0

I'm beginning to play with GeoPySpark and am implementing an example notebook.

I successfully retrieved the images

!curl -o /tmp/B01.jp2 http://sentinel-s2-l1c.s3.amazonaws.com/tiles/32/T/NM/2017/1/4/0/B01.jp2
!curl -o /tmp/B09.jp2 http://sentinel-s2-l1c.s3.amazonaws.com/tiles/32/T/NM/2017/1/4/0/B09.jp2
!curl -o /tmp/B10.jp2 http://sentinel-s2-l1c.s3.amazonaws.com/tiles/32/T/NM/2017/1/4/0/B10.jp2

Here is the script:

import rasterio
import geopyspark as gps
import numpy as np

from pyspark import SparkContext

conf = gps.geopyspark_conf(master="local[*]", appName="sentinel-ingest-example")
pysc = SparkContext(conf=conf)

jp2s = ["/tmp/B01.jp2", "/tmp/B09.jp2", "/tmp/B10.jp2"]
arrs = []

for jp2 in jp2s:
    with rasterio.open(jp2) as f: #CRASHES HERE
        arrs.append(f.read(1))

data = np.array(arrs, dtype=arrs[0].dtype)
data

The script crashes where I placed the marker here, with the following error:

RasterioIOError: '/tmp/B01.jp2' not recognized as a supported file format.

I copy-pasted the example code exactly, ad in the Rasterio docs it even uses .jp2 files in examples.

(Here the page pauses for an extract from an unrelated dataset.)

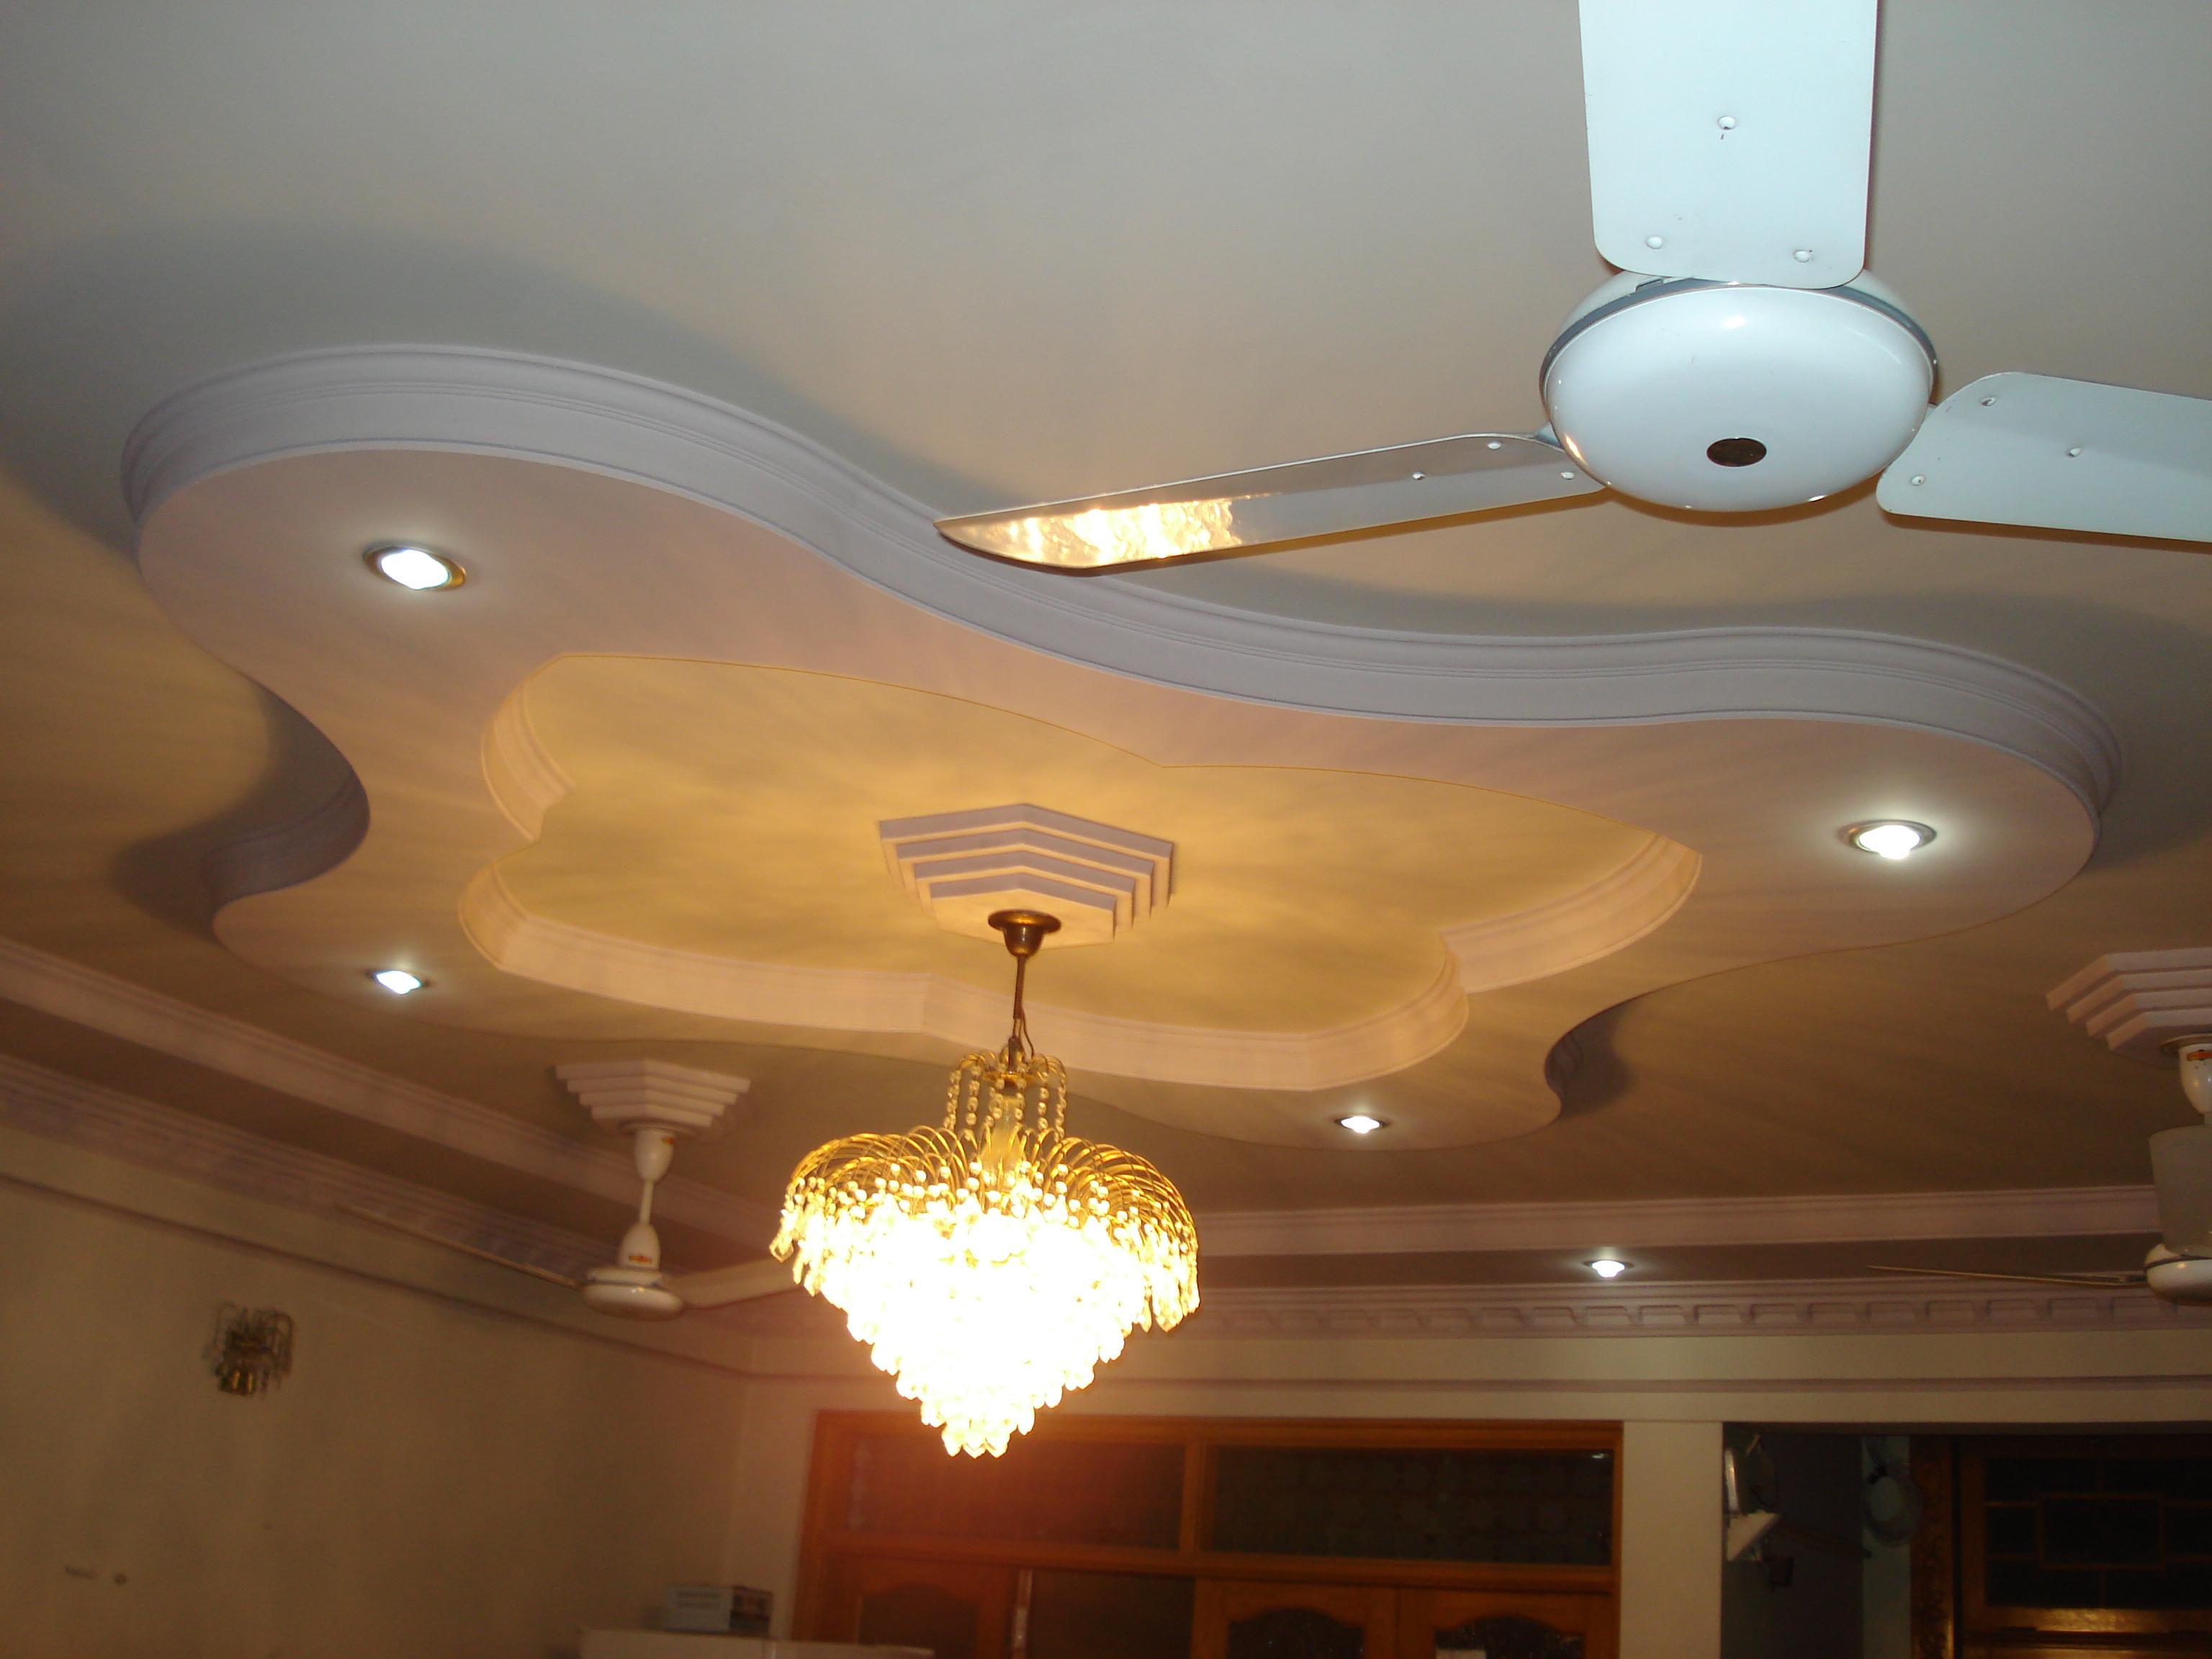 Pop ceiling design gharexpert for Pop interior ceiling designs

I'm using the following version of Rasterio, installed with pip3. I do not have Anaconda installed (messes up my Python environments) and do not have GDAL installed (it refuses to, that would be the topic of another question if it is my only solution)

Name: rasterio
Version: 1.1.0
Summary: Fast and direct raster I/O for use with Numpy and SciPy
Home-page: https://github.com/mapbox/rasterio
Author: Sean Gillies
Author-email: sean@mapbox.com
License: BSD
Location: /usr/local/lib/python3.6/dist-packages
Requires: click-plugins, snuggs, numpy, click, attrs, cligj, affine
Required-by: 

Why does it refuse to read .jp2 files? Is there maybe a way to convert them to something usable? Or do you know of any example files similar to these ones in an acceptable format?

Jessica Chambers
  • 1,246
  • 5
  • 28
  • 56
  • If you do not have GDAL installed then that's the problem because RasterIO is basically a wrapper around GDAL. Confirm GDAL is really not installed: `>>> gdal.VersionInfo()`. – LuisTavares Oct 30 '19 at 11:16
  • @LuísTavares I can confirm, I get this output: `NameError: name 'gdal' is not defined` – Jessica Chambers Oct 30 '19 at 13:59
  • 1
    Now that's really the topic of another question! GDAL should be installed before Rasterio. Follow the installation guidelines ( I'm not sure you are using Linux or Mac) https://rasterio.readthedocs.io/en/stable/installation.html#dependencies – LuisTavares Oct 30 '19 at 14:17
  • @LuísTavares I had a feeling it would be.. I did try to install it but encountered many errors. I'll try a different route for now though, thanks :) – Jessica Chambers Oct 30 '19 at 14:40

1 Answers1

1

I was stuck in the same situation.

I used the pyvips package and it's resolved.

import pyvips

image = pyvips.Image.new_from_file("000240.jp2") image.write_to_file("000240.jpg")
Edward Ji
  • 745
  • 8
  • 19